Trends affecting water treatment

Effective approaches to water treat­ment will be critical to sustaining and enhancing public support for mining efforts in the future. As we all know, water is essential to mine and metallurgical pro­cessing for milling and flotation,...

Effective approaches to water treat­ment will be critical to sustaining and enhancing public support for mining efforts in the future. As we all know, water is essential to mine and metallurgical pro­cessing for milling and flotation, and the treatment of mine impacted water is nec­essary to satisfy regulators and maintain a “social license” to operate.

Globally, expenditures for mine water treatment technologies are presently esti­mated to be about $1 billion annually, and demand is forecast to increase by 30% in 2012. This growing demand is being driven by new mine development, mine expan­sion, tightening regulations for water qual­ity and reuse, and stronger industry com­mitments to corporate social responsibility.

According to The Raw Material Database, there are 172 new mines in vari­ous stages of development around the world where the development cost of each mine is expected to exceed $1 billion. In order to secure development permits, mining companies must demonstrate clear and comprehensive plans for the use and treatment of water. In regions like Canada, where there is typically a positive water balance, the focus is on treatment to pro­duce high water quality which allows for direct discharge to the environment - this requires methods that can meet very strict discharge limits in order to protect aquatic habitat, wildlife and human health. In arid regions like Chile, where water is scarce, companies are focused on technologies that maximize water recovery and allow for re-use within mine processes.

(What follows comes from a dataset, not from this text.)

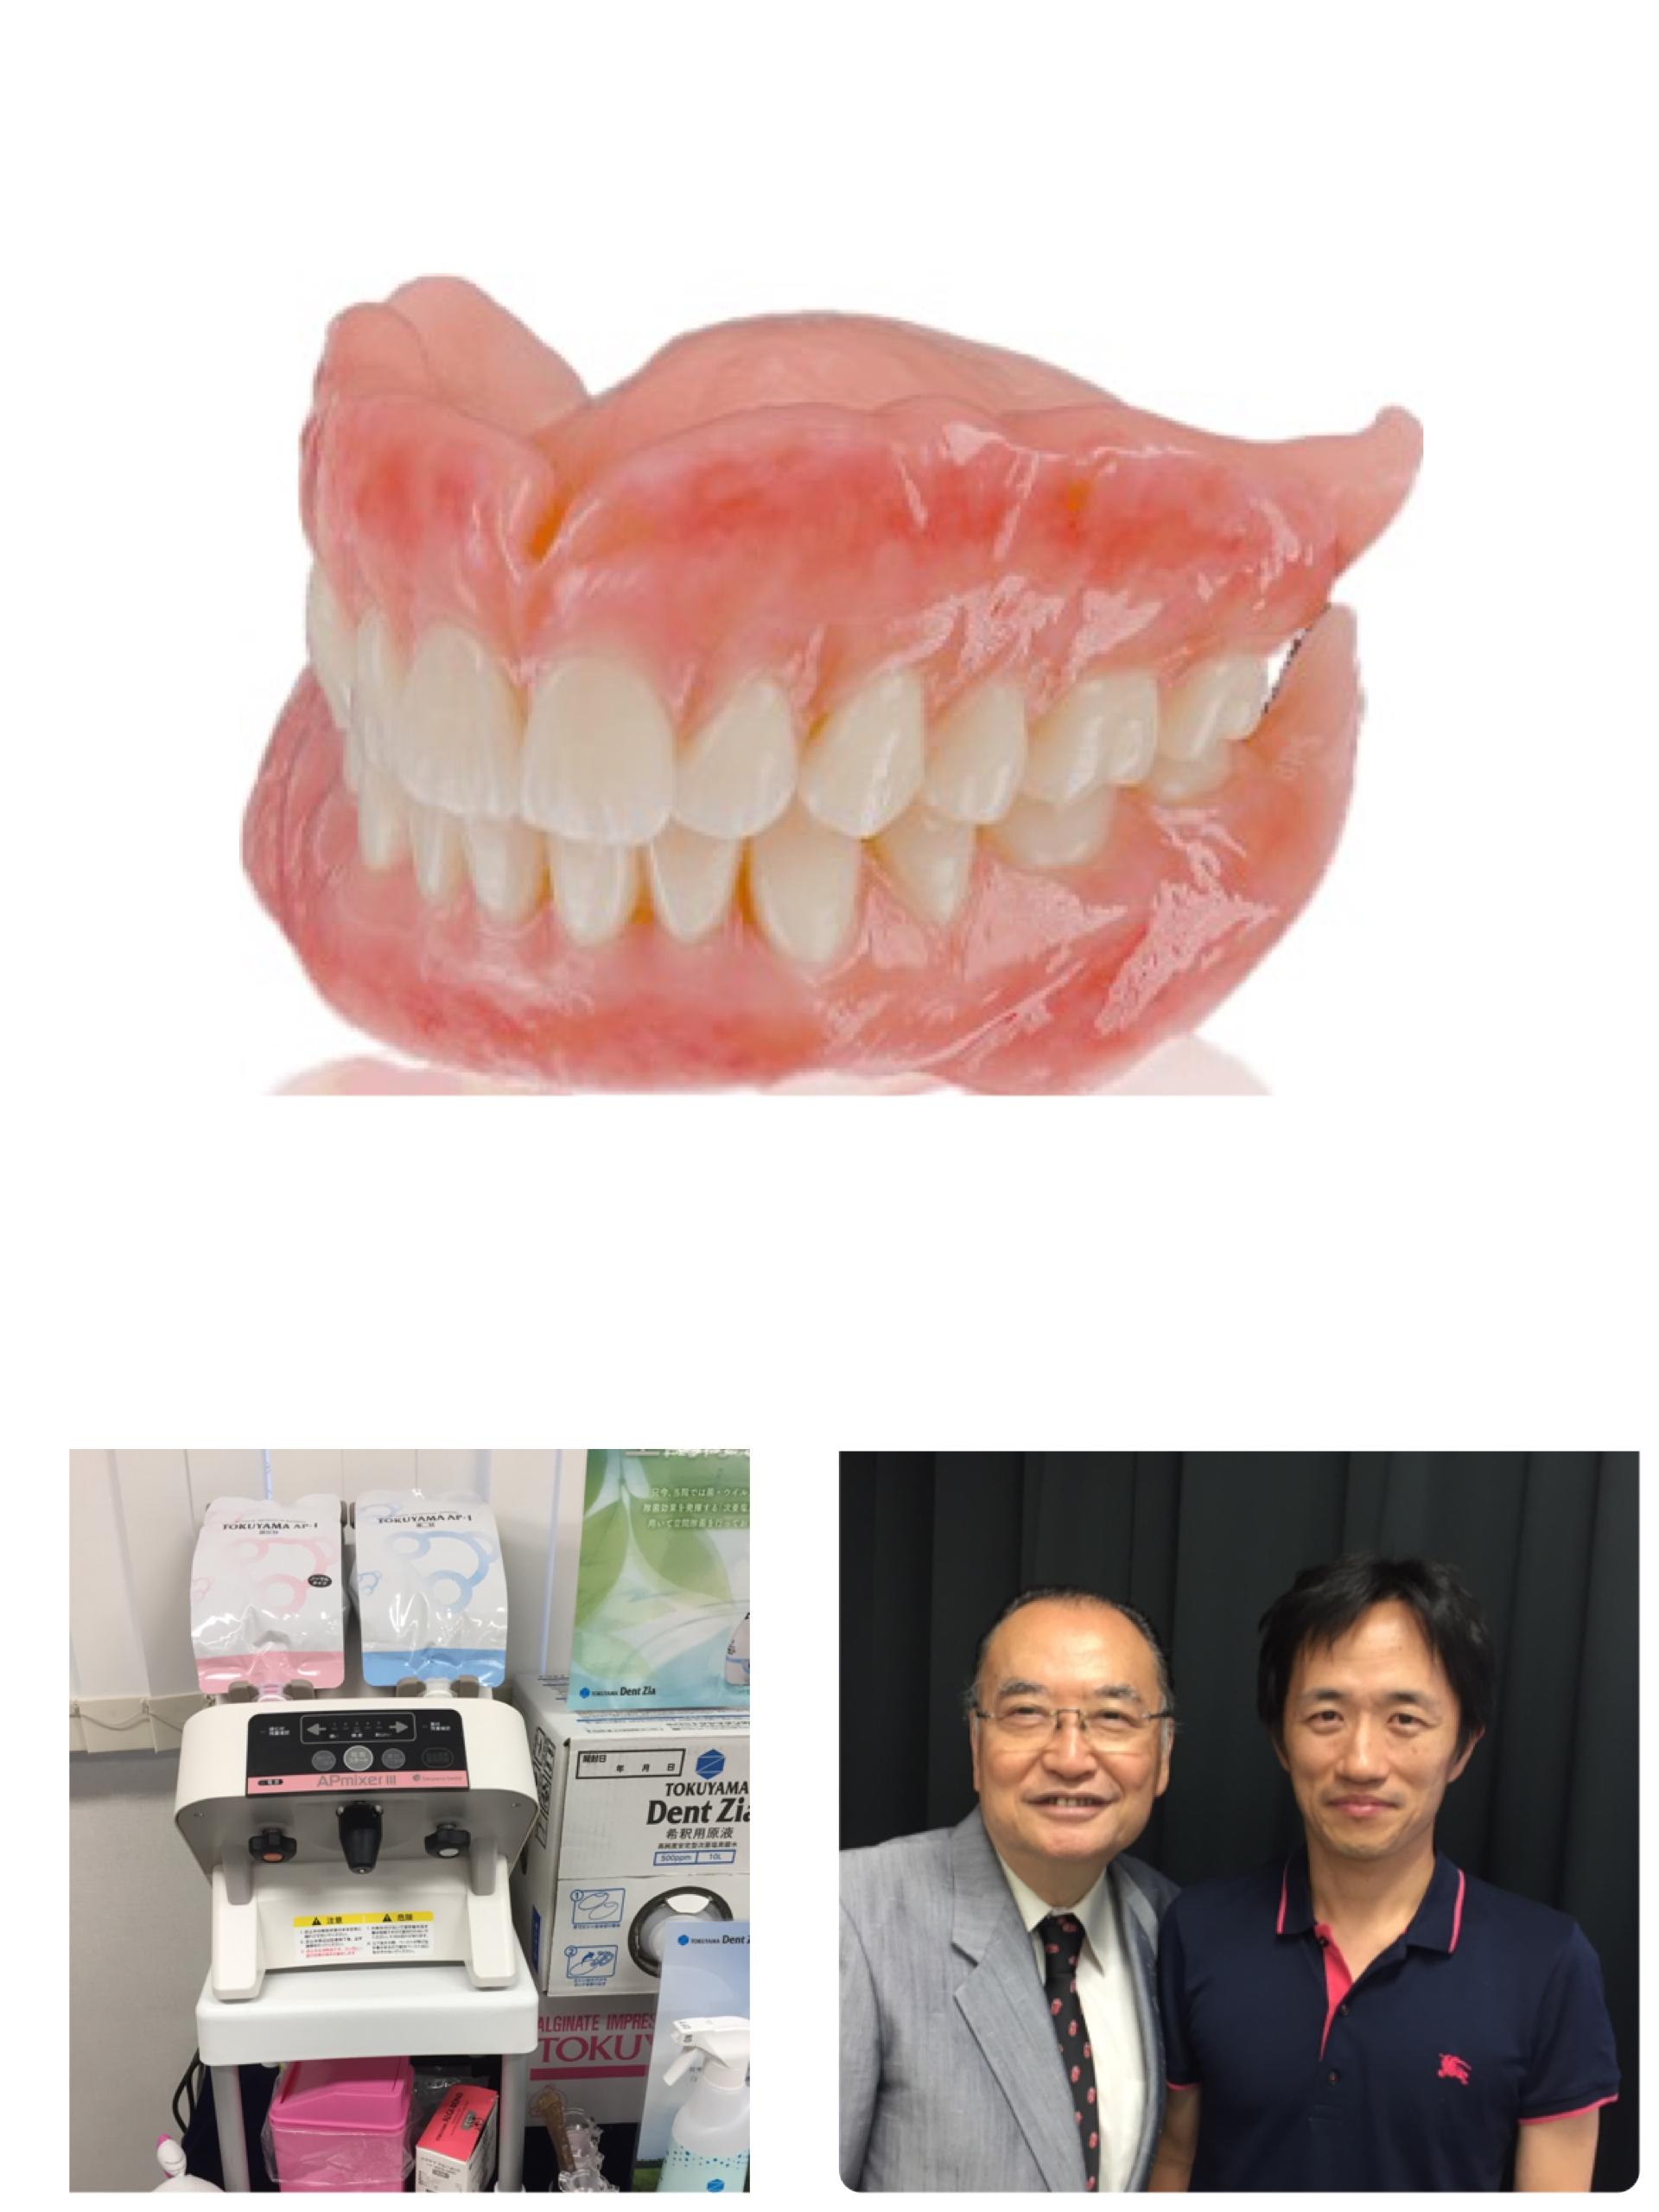 とことん義歯勉強会

Mines undergoing expansion are often required to upgrade existing water treat­ment facilities to meet the expectations of today’s regulatory environment. In most regions, regulations are getting stricter, and regulators are imposing limits on new con­stituents of concern. A mine expansion request provides regulators with the oppor­tunity to review the site water management plans, and impose new requirements.

For existing mines, regulations are tightening. For example, selenium is pres­ently under the regulatory eye in Canada, and some mine owners are now required to meet very strict limits for selenium because of concerns about toxicity and the impact on ecosystems. Sulphate is another emerging constituent of concern in many regions. For example, the state of Minnesota has proposed sulphate limits of 10 parts per million, which is several orders of magnitude below the typical effluent of a lime plant. Although not toxic except at high levels, sulphate can cause taste and odour problems in drink­ing water, can affect agriculture and can cause scaling when used in industrial pro­cesses where water re-use is attractive.

As a result of these pressures, technol­ogy providers are responding with new innovations, including technologies to treat new constituents of concern. BioteQ, for example, has developed new technolo­gies to remove sulphate. The system uses a novel two-stage ion exchange process to remove sulphate and hardness, producing a clean solid gypsum by-product and water low in sulphate.

In addition to responding to regulatory changes and regulatory pressures, strong commodity markets are incenting mining companies to look for mechanisms to accelerate the execution of water treat­ment projects. BioteQ has been endeav­ouring to respond to these needs. The company recently designed and con­structed a mobile water treatment system that uses ion exchange process technolo­gies to meet very strict discharge limits for metals. The system recovers the metal as a marketable product, and produces no residual sludge waste. The portable nature of the system enables the mine owner to move the unit around its site, and to pro­duce very clean water that can be released directly to a fish bearing environment. The plant was custom designed and deliv­ered to the customer within 12 weeks. By comparison, a fixed facility would typi­cally take 12 months to complete.

The demand for innovative, cost effec­tive water treatment technologies for the mining industry is growing. Significant opportunities will exist in future for firms such as BioteQ to play a key role in assist­ing mining customers to address these emerging needs and requirements.

Jonathan Wilkinson is the Chief Executive Officer of BioteQ Environmental Technologies, Vancouver.